Options to specify the data subset

To identify the subset of data to include, you can either:
  • Specify a percentage of the table to include in the destination database. You can use this option when you care about the specific volume of data, but not the specific rows. Tonic converts the percentage to a filter or a WHERE clause, depending on your database type. Depending on how your tables are related, the target tables in the final subset might contain more rows than the percentage that you specified. These additional rows are required to maintain referential integrity. To view the tables that contribute to the additional rows, see the subset steps. For additional assistance, reach out to your Tonic contact.
Configuration for a percentage target table
  • Provide a WHERE clause to specify the subset of data to include in the destination database. The WHERE clause allows you to be more specific about the data to include. For example, you might want to only include data for a specific user or date range.
Configuration for a where clause target table

Configuring a percentage target table

To identify and configure subsetting for a target table:
  1. 1.
    In the table list, click the table.
  2. 2.
    On the table details panel, from the Select Table Type dropdown list, select Target Table (Percentage).
  3. 3.
    In the Target Percentage field, type the percentage of the data to include in the destination database. The default is 5, which indicates to use 5% of the rows in the table.

Configuring a WHERE clause target table

  1. 1.
    In the table list, click the table.
  2. 2.
    On the table details panel, from the Select Table Type dropdown list, select Target Table (Where Clause).
  3. 3.
    In the Target Where Clause field, type the WHERE clause to use to identify the data to include in the destination database. For example, the target table contains a column called event_id. To select all rows where event_id is greater than 1000, add the following WHERE clause: event_id > 1000
  4. 4.
    For a more complex WHERE clause, you can display an editor with a larger text area.
    1. 1.
      Click Open in Editor.
    2. 2.
      In the text area, enter the WHERE clause.
    3. 3.
      Click Save.
You can query across tables within the WHERE clause.

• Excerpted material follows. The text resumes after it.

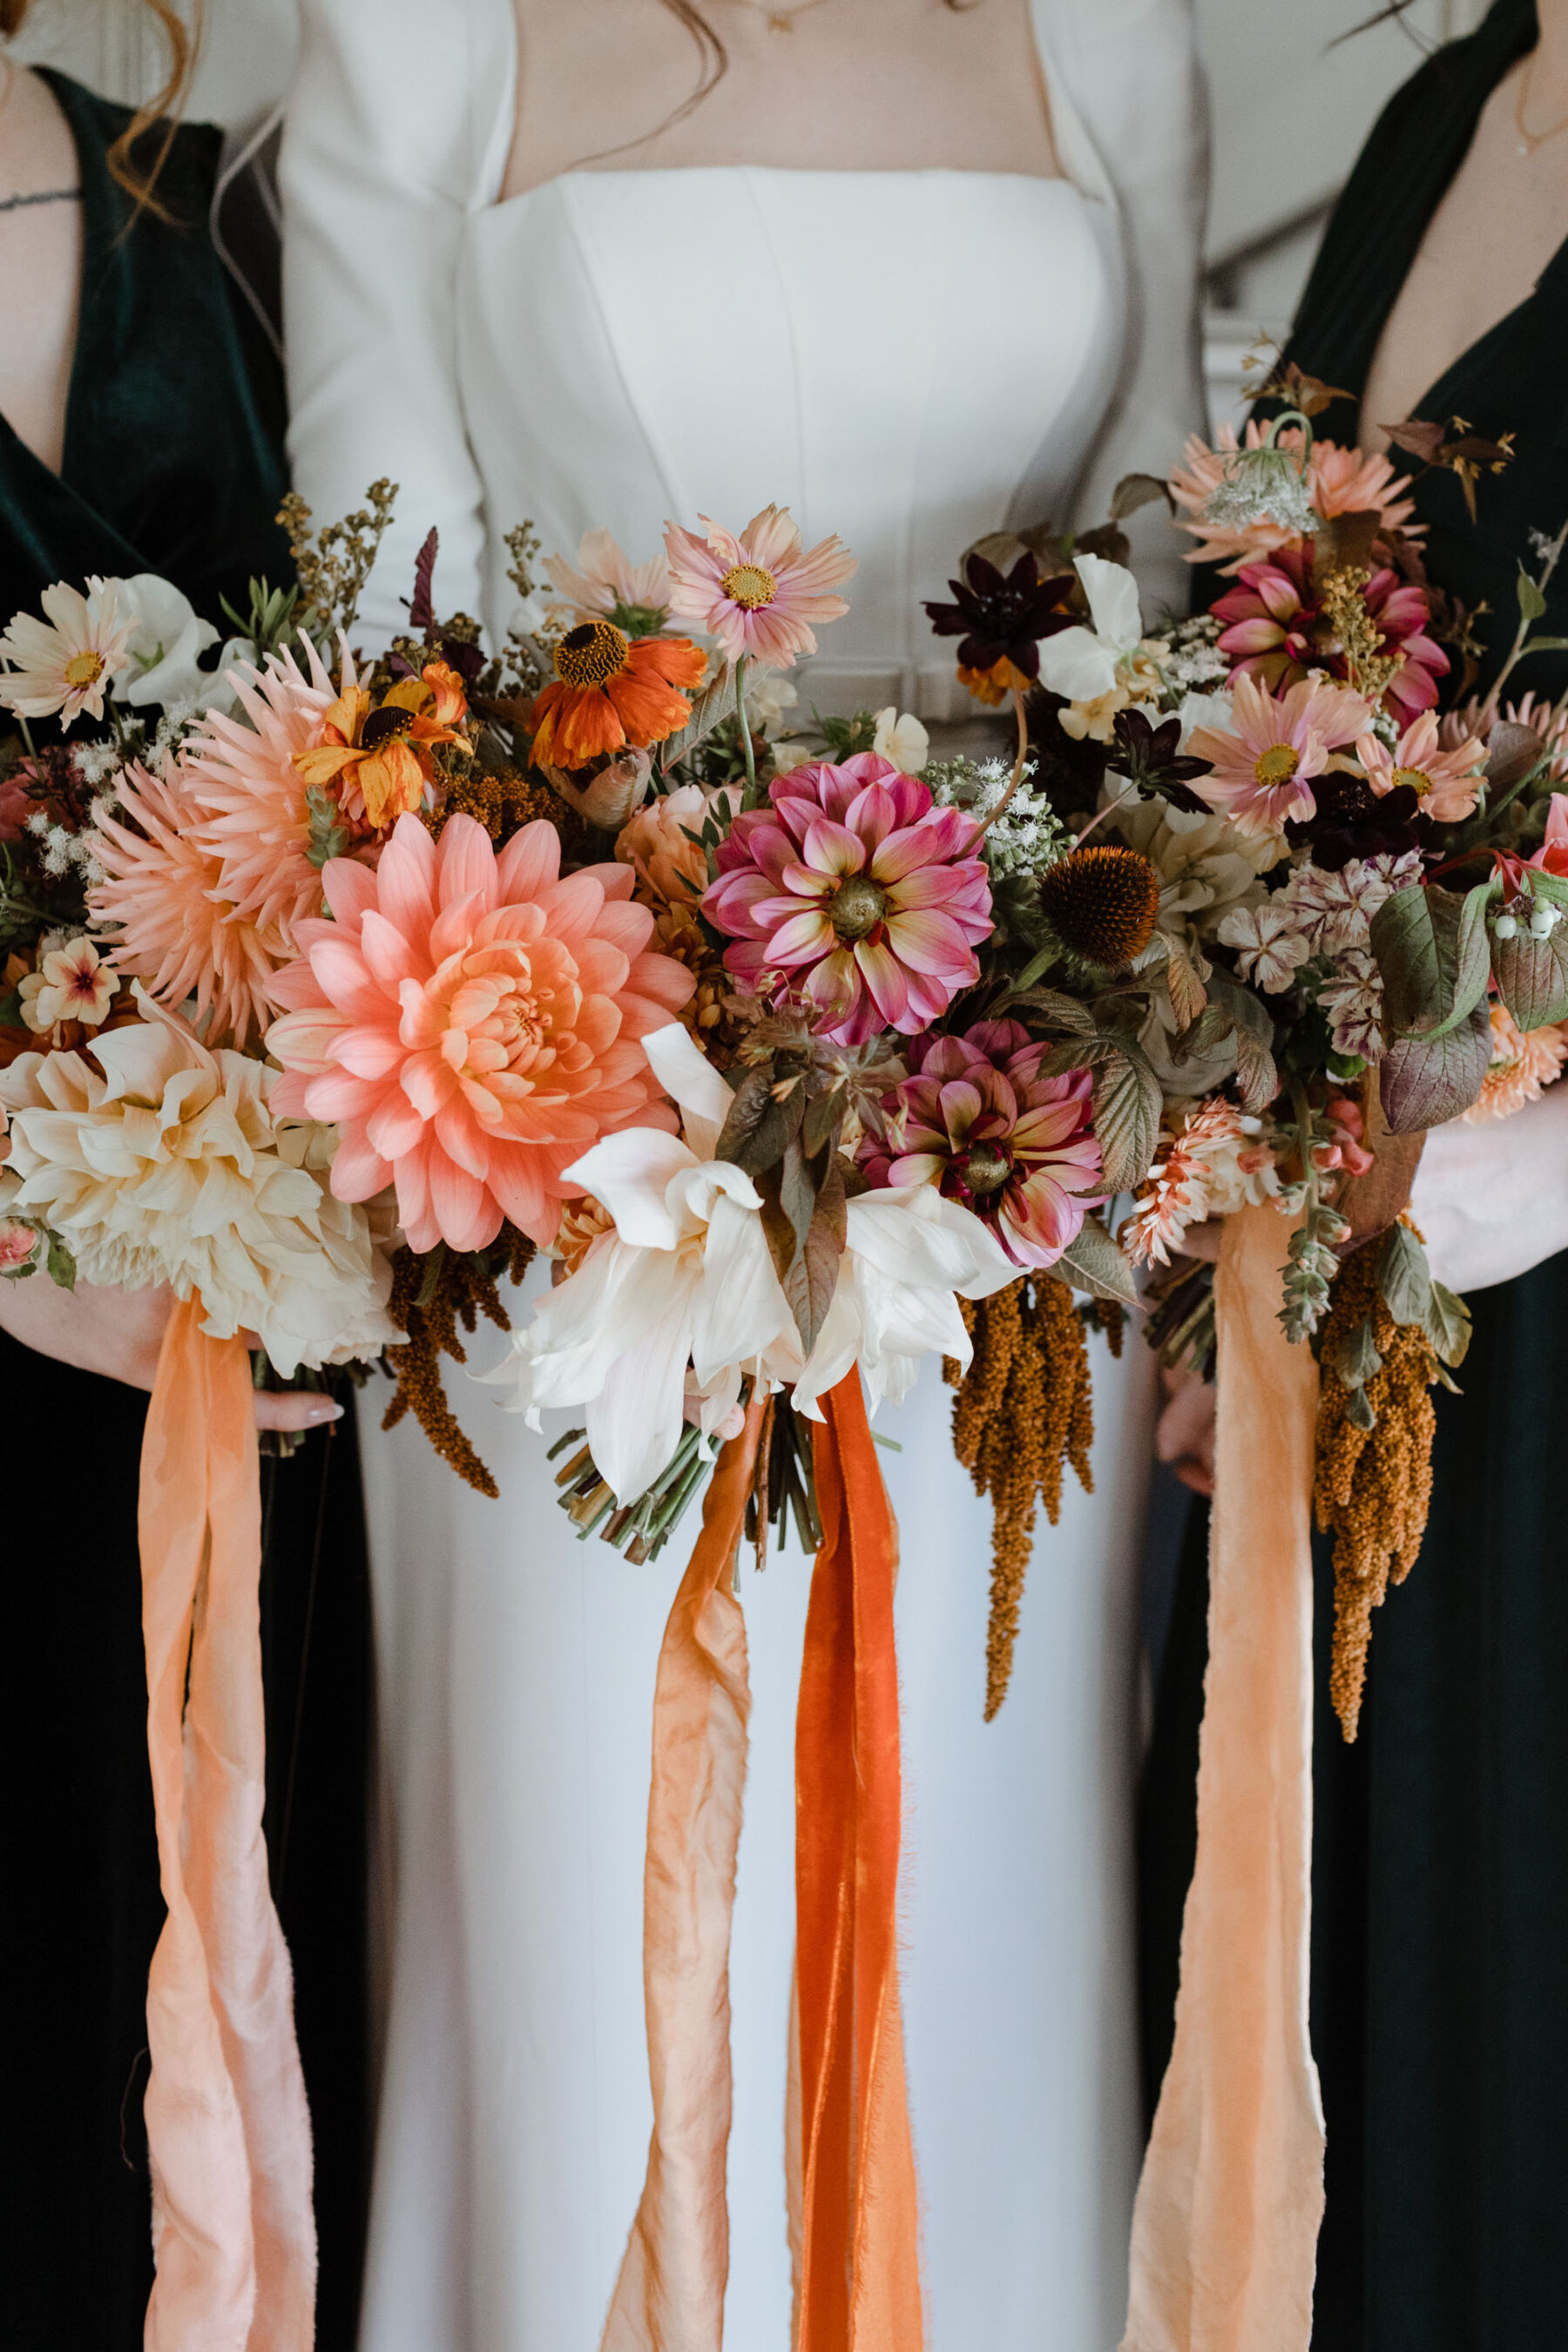 Colourful Autumn wedding bouquets with red and orange ribbons

For example, you configure the customers table as a target table, but you also want to use information from the customers_legacy table to identify the target records in customers.
In the following example query, the matching records in customers have a Customer_Key value that matches a CustomerKey value in customers_legacy, and where the value of Occupation in customers_legacy is Detective:
"Customer_Key" IN (
SELECT "Customer_Key"
FROM customers_legacy
WHERE customers_legacy."Customer_Key"=customers."Customer_Key"
AND customers_legacy."Occupation" = 'Detective'
);

Removing a target table

To remove a target table:
  1. 1.
    In the table list, click the table.
  2. 2.
    On the table details panel, from the table type dropdown list, select Remove.

Identifying lookup tables

A lookup table contains a list of values that are used to populate columns in other tables. For example, a list of states, countries, or currencies. Lookup tables are sometimes referred to as reference tables.
Tonic always copies lookup tables to the destination database in their entirety. If you do not configure a table as a lookup table, then Tonic treats the table as a related table, and copies only rows that are used in the subset data. Tonic also pulls in rows from other tables that refer to the table, but that are not necessarily related to the target tables. This could result in an unexpectedly large subset.
For example, in a Users table, every user record refers to a state in the States table. If you do not identify States as a lookup table, then the subset would include every record in the Users table.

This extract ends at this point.